=== Section Start ===

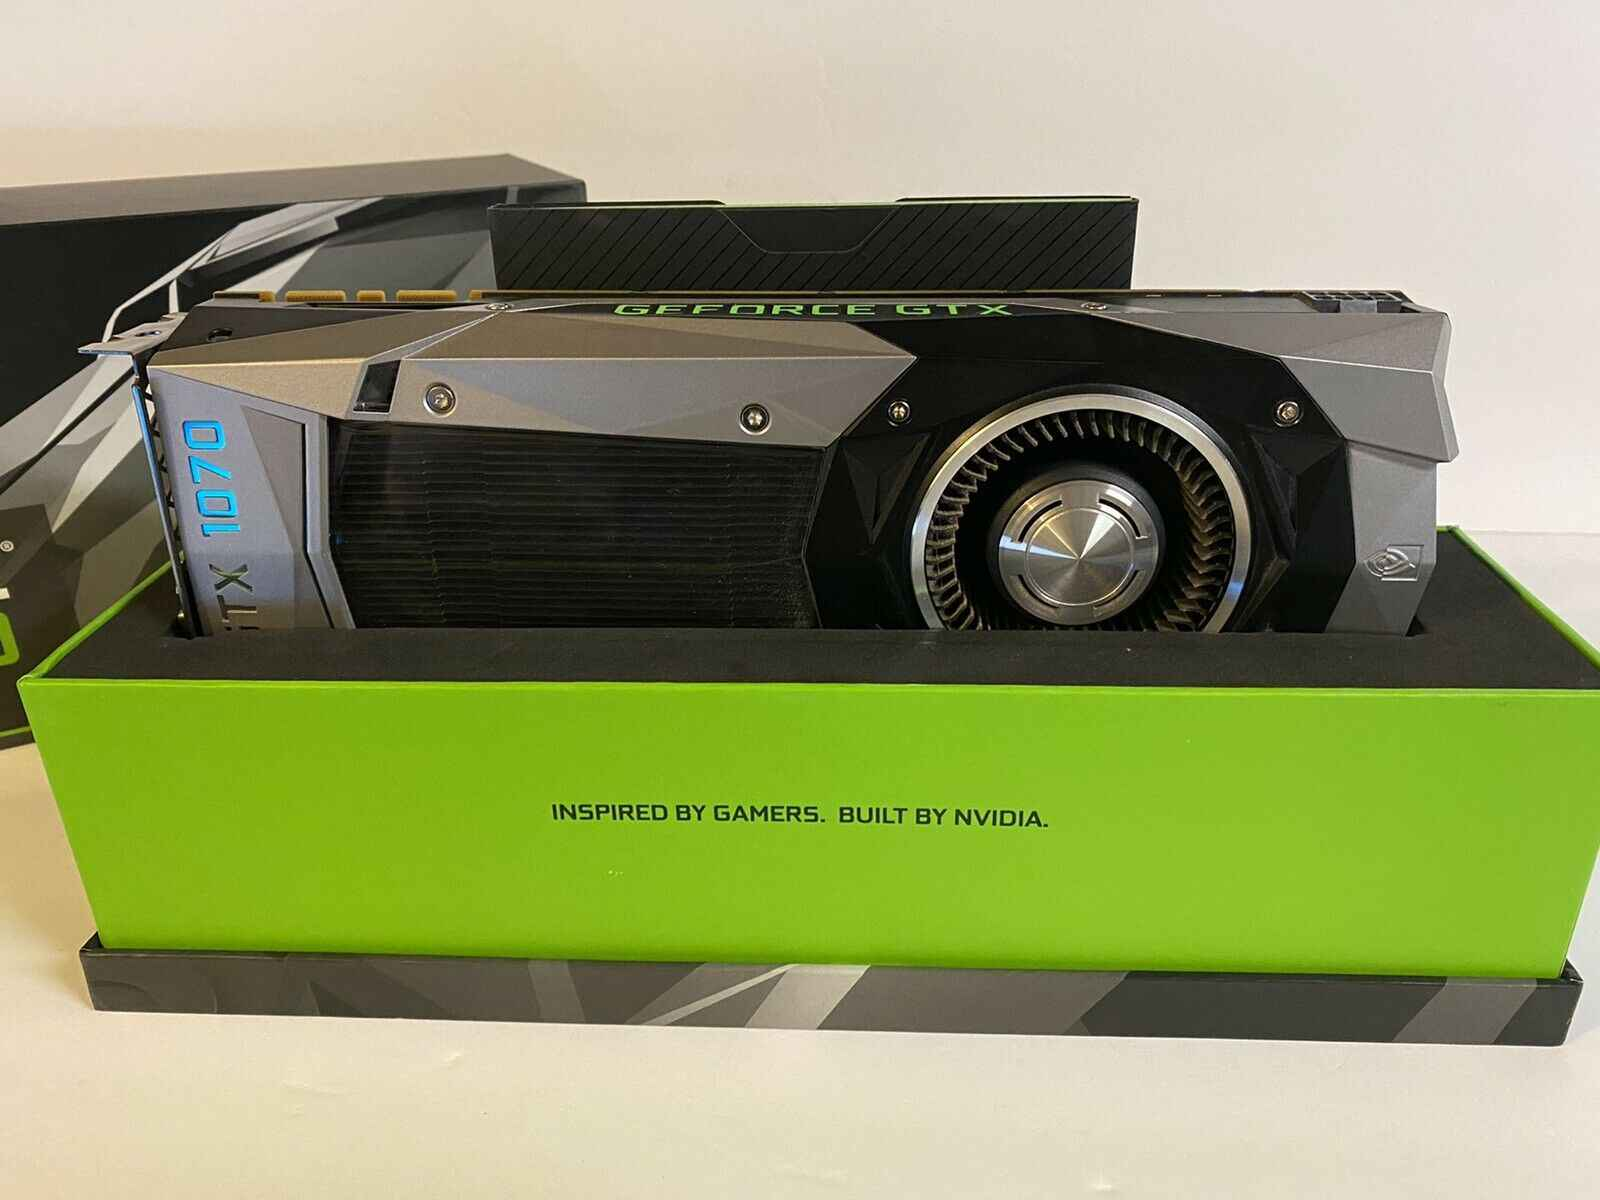 NVIDIA GeForce GTX 1070 Founders Edition 8GB GDDR5 Graphics Card GPU Bemowo - zdjęcie 5
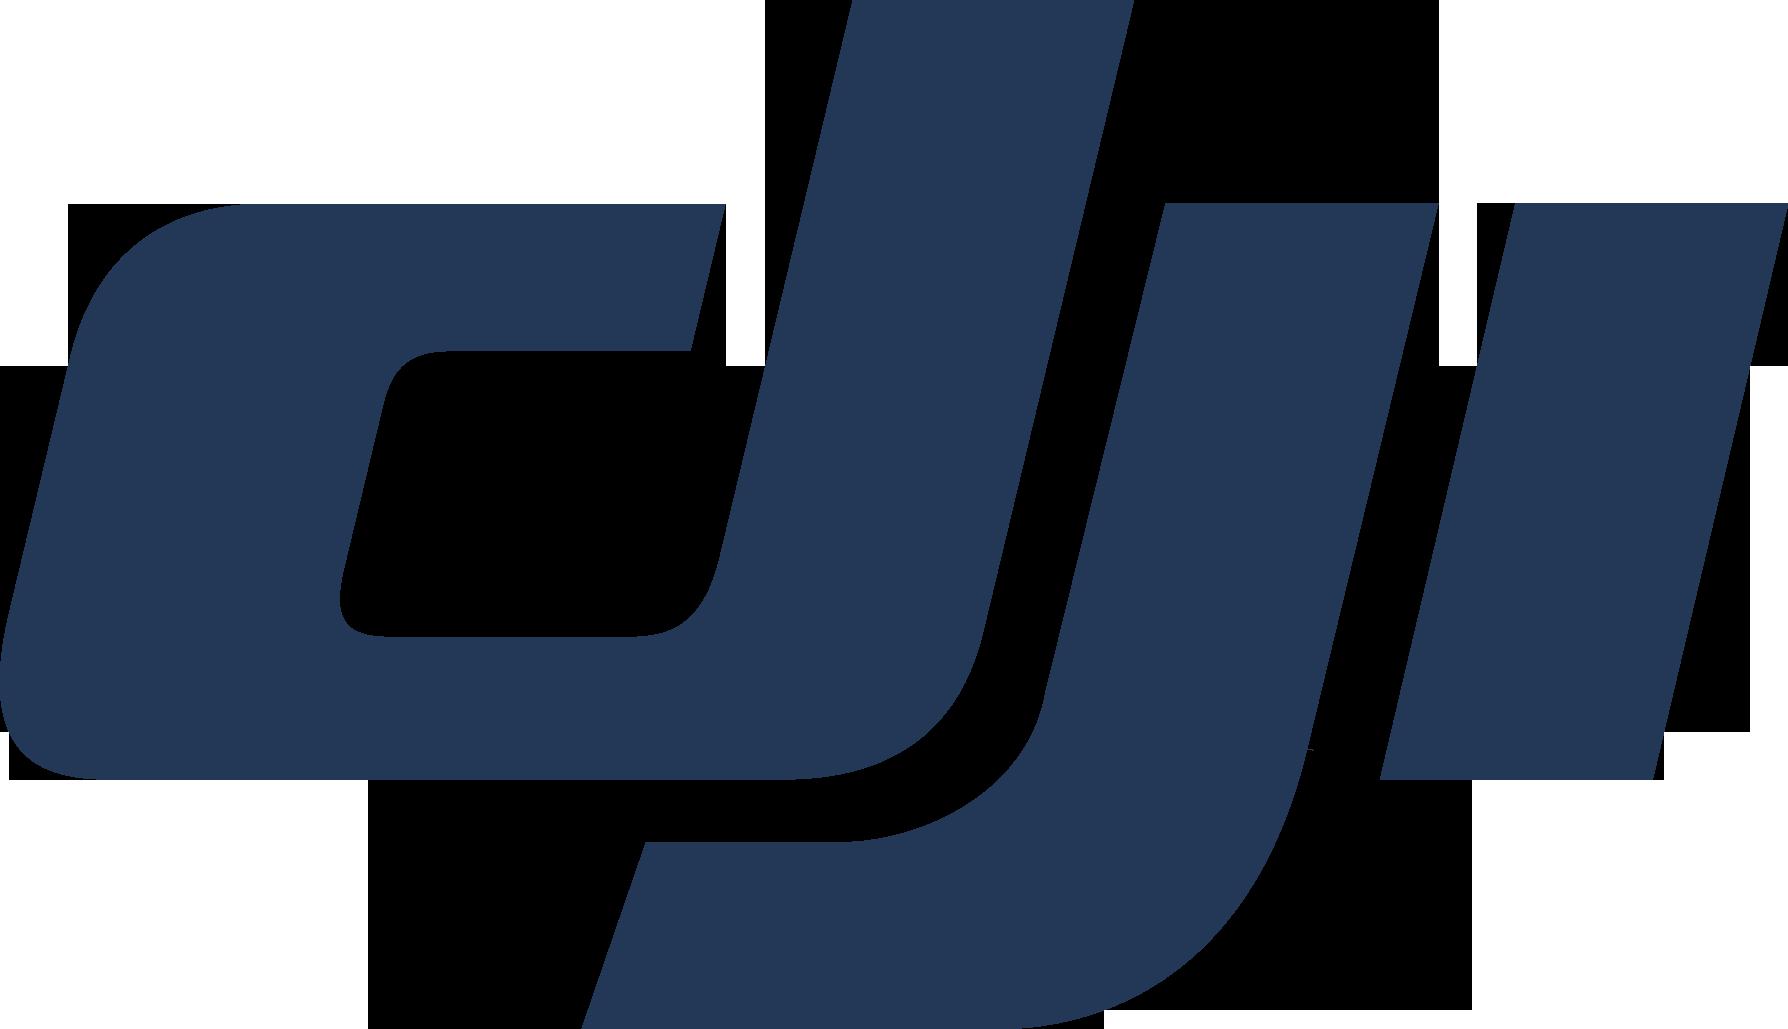 DJI Logo PNG Wallpaper
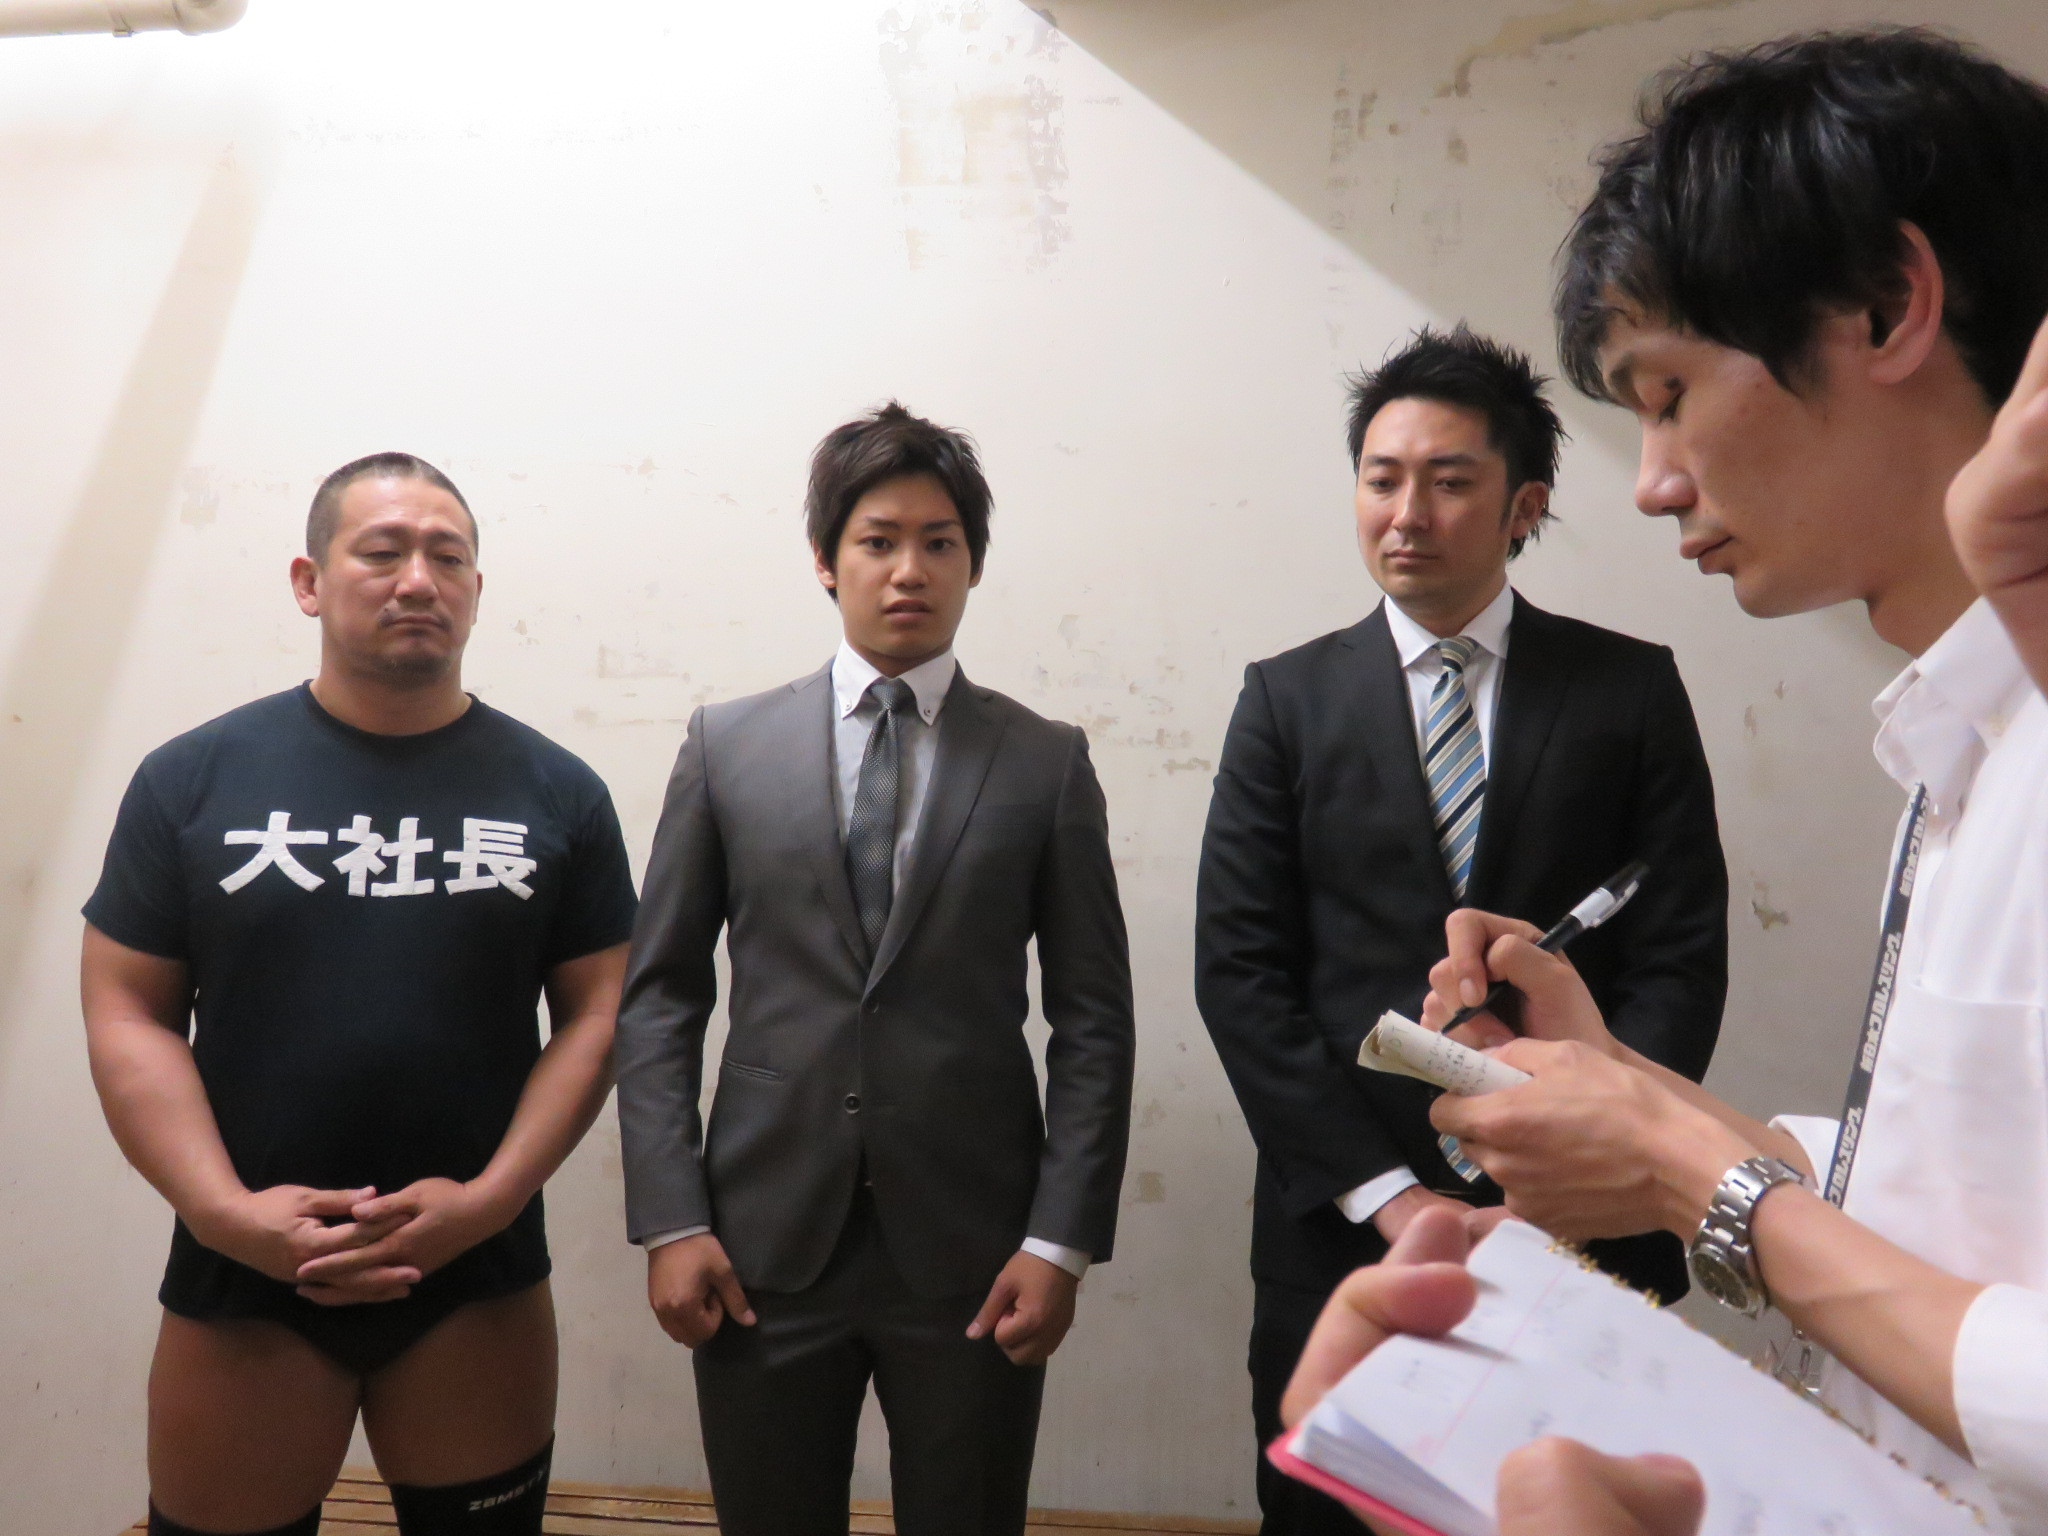 http://news.yoshimoto.co.jp/photos/uncategorized/2015/05/31/20150531173505-c1e3ff0a785df27636385c2d08b70c1336ff975f.jpg

=== Section End ===

**Work to be completed:**
Please print the data above in its entirety, exactly, but without any picture.

**Response to the task:**
 NVIDIA GeForce GTX 1070 Founders Edition 8GB GDDR5 Graphics Card GPU Bemowo - zdjęcie 5
 DJI Logo PNG Wallpaper
 http://news.yoshimoto.co.jp/photos/uncategorized/2015/05/31/20150531173505-c1e3ff0a785df27636385c2d08b70c1336ff975f.jpg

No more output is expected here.